#### Try it:
The exercise calls for the lines from the one containing "World Snowboard Day" to the end of the data below to be output exactly, pictures excluded.

#### Available data:

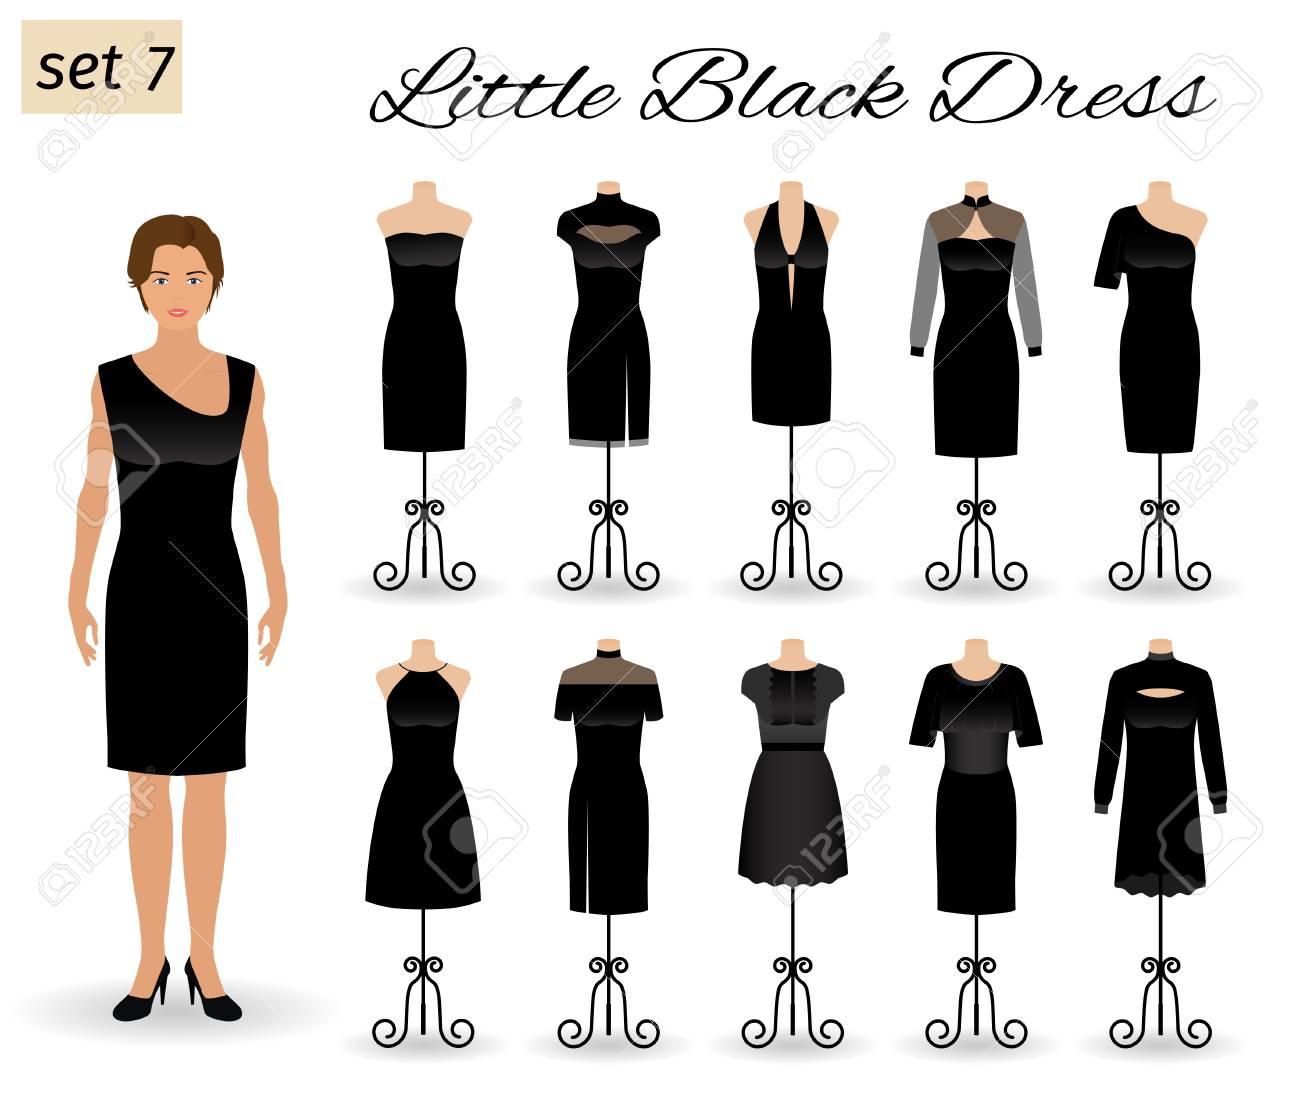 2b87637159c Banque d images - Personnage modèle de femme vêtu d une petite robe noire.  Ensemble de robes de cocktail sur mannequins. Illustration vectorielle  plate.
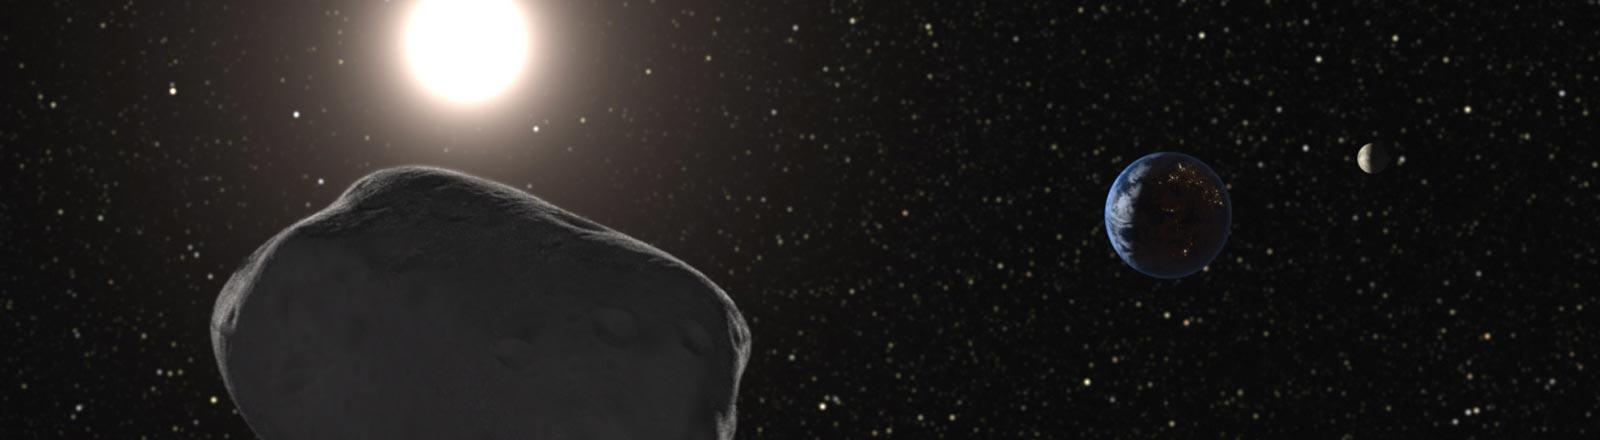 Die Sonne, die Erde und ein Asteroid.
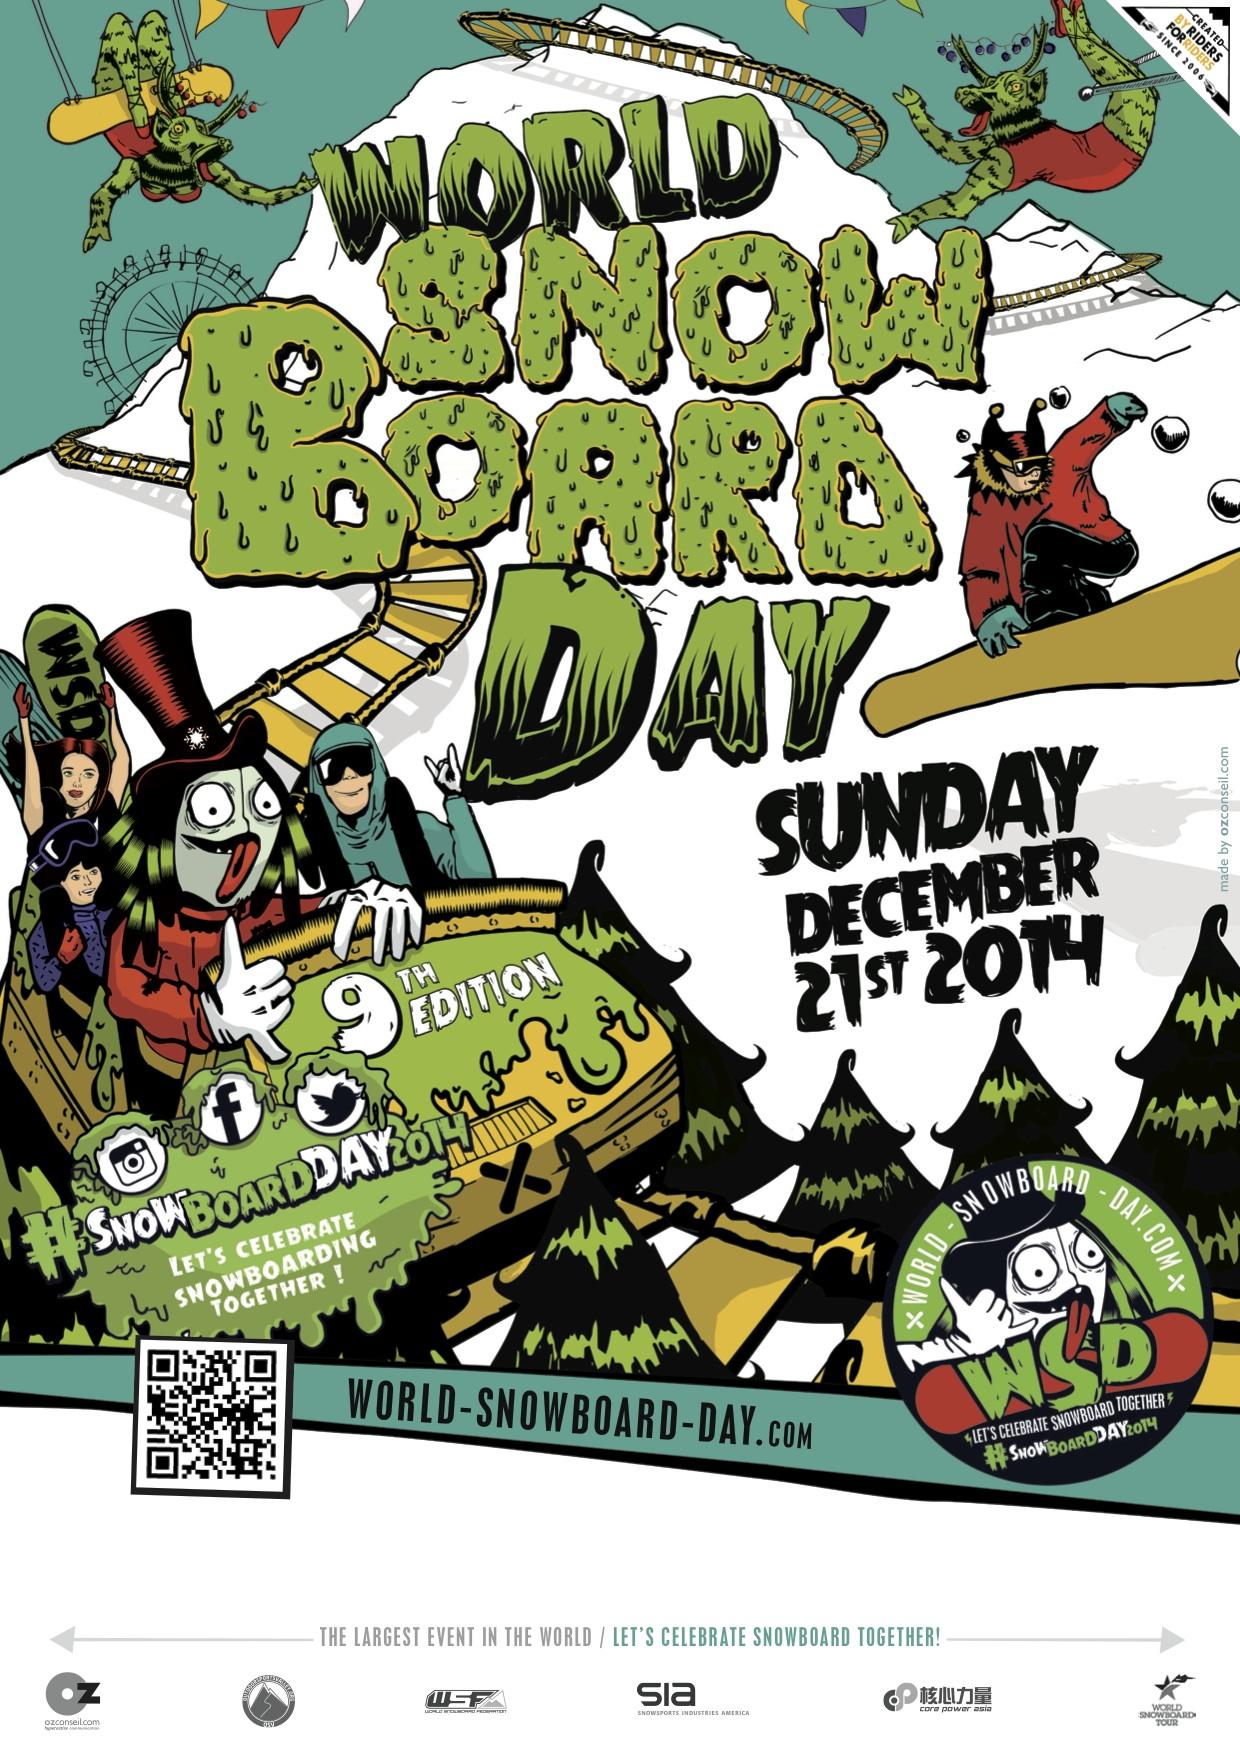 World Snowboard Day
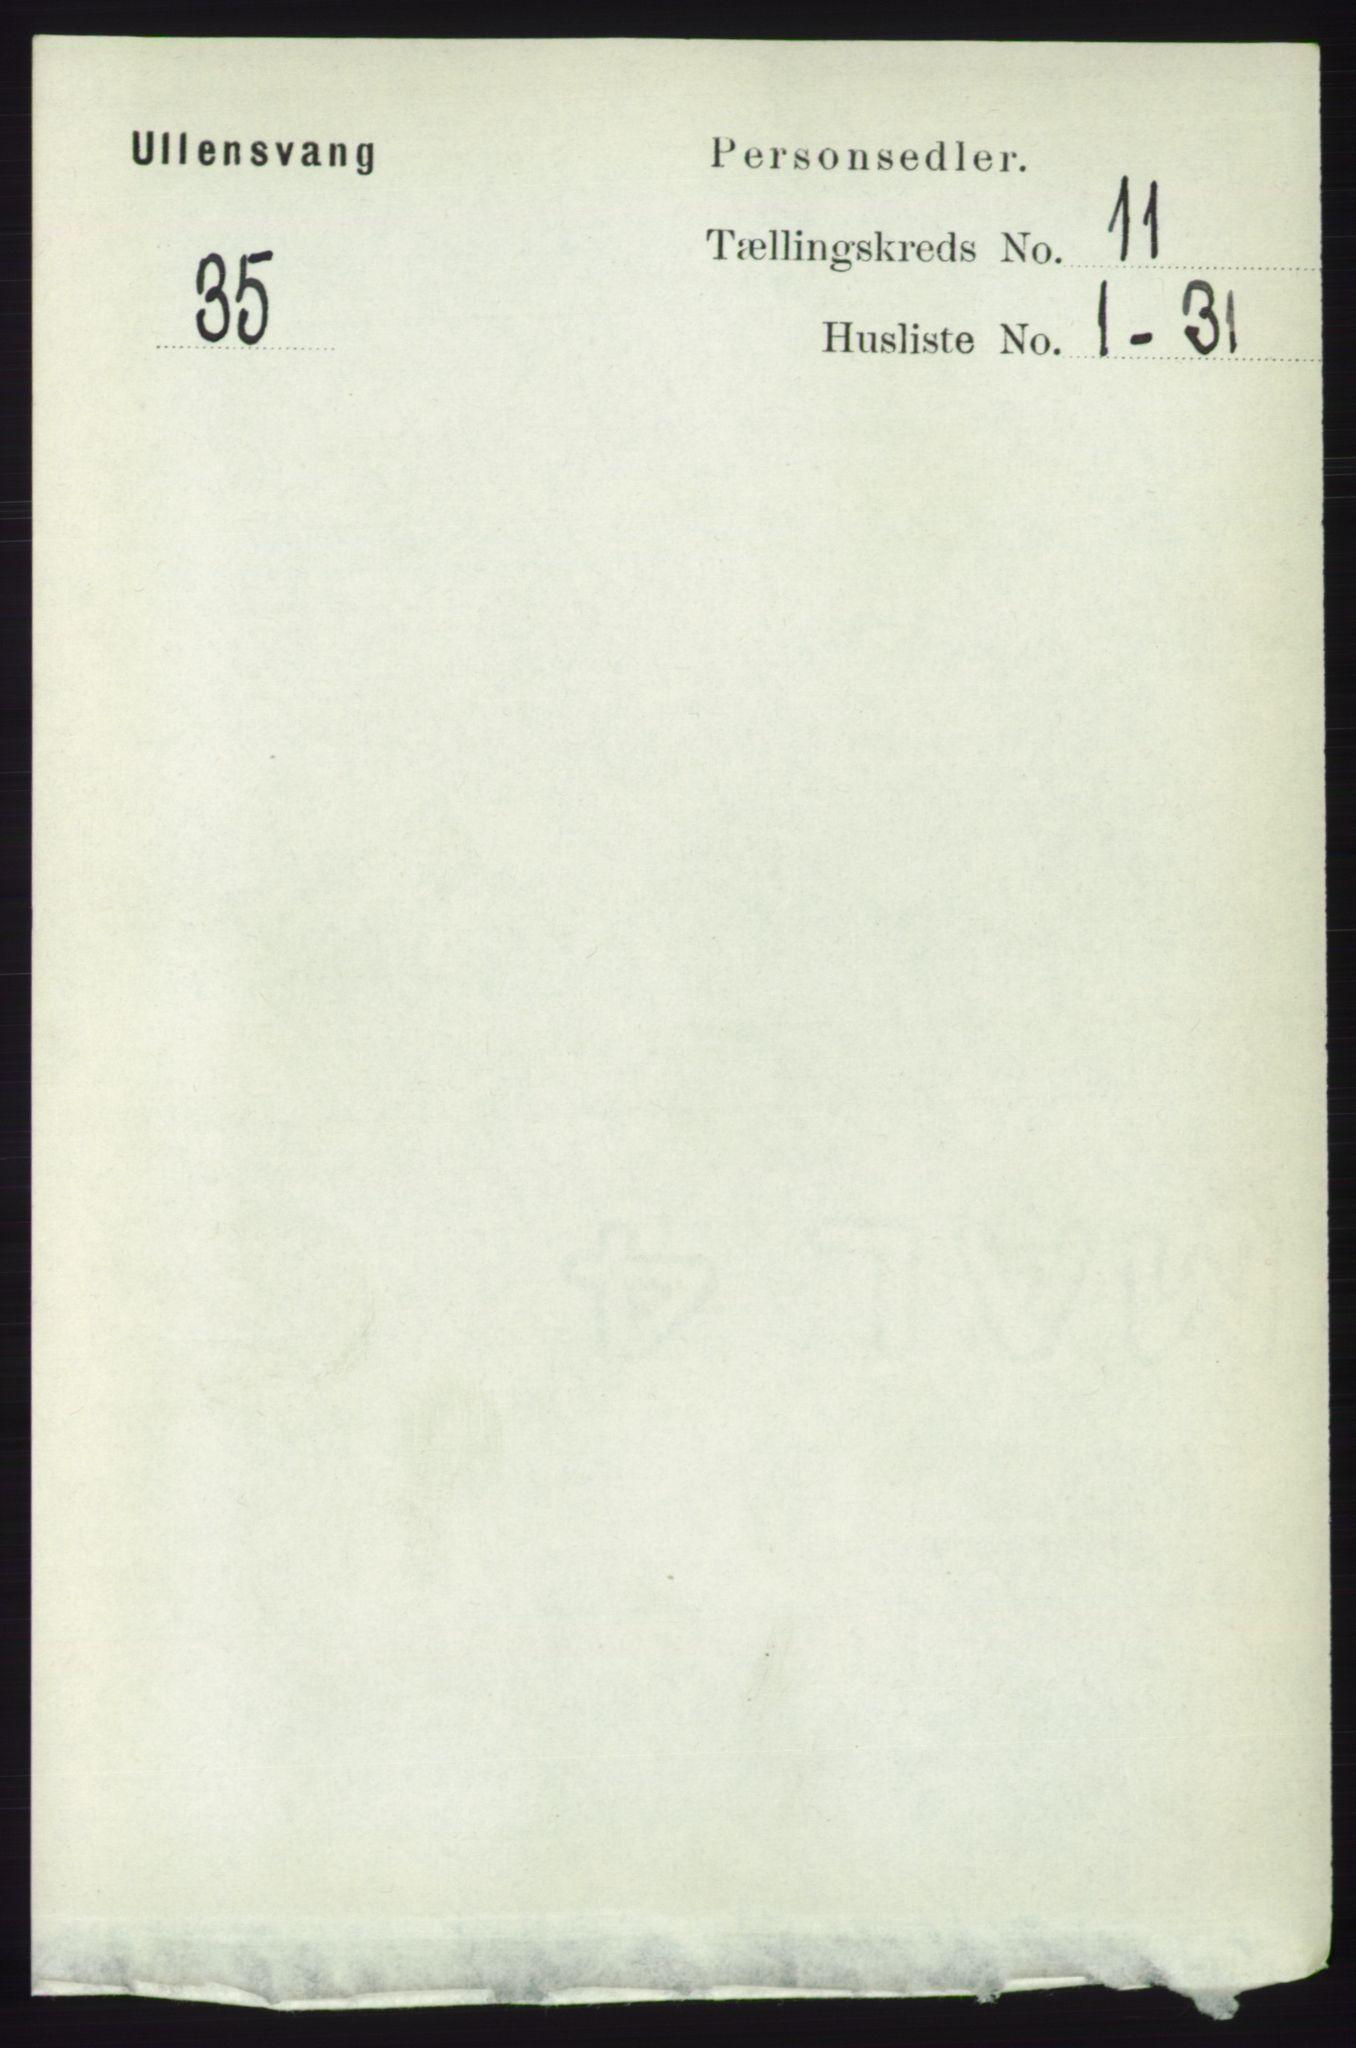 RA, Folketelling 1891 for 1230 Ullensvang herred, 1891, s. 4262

#### Finished task:
 World Snowboard Day
 RA, Folketelling 1891 for 1230 Ullensvang herred, 1891, s. 4262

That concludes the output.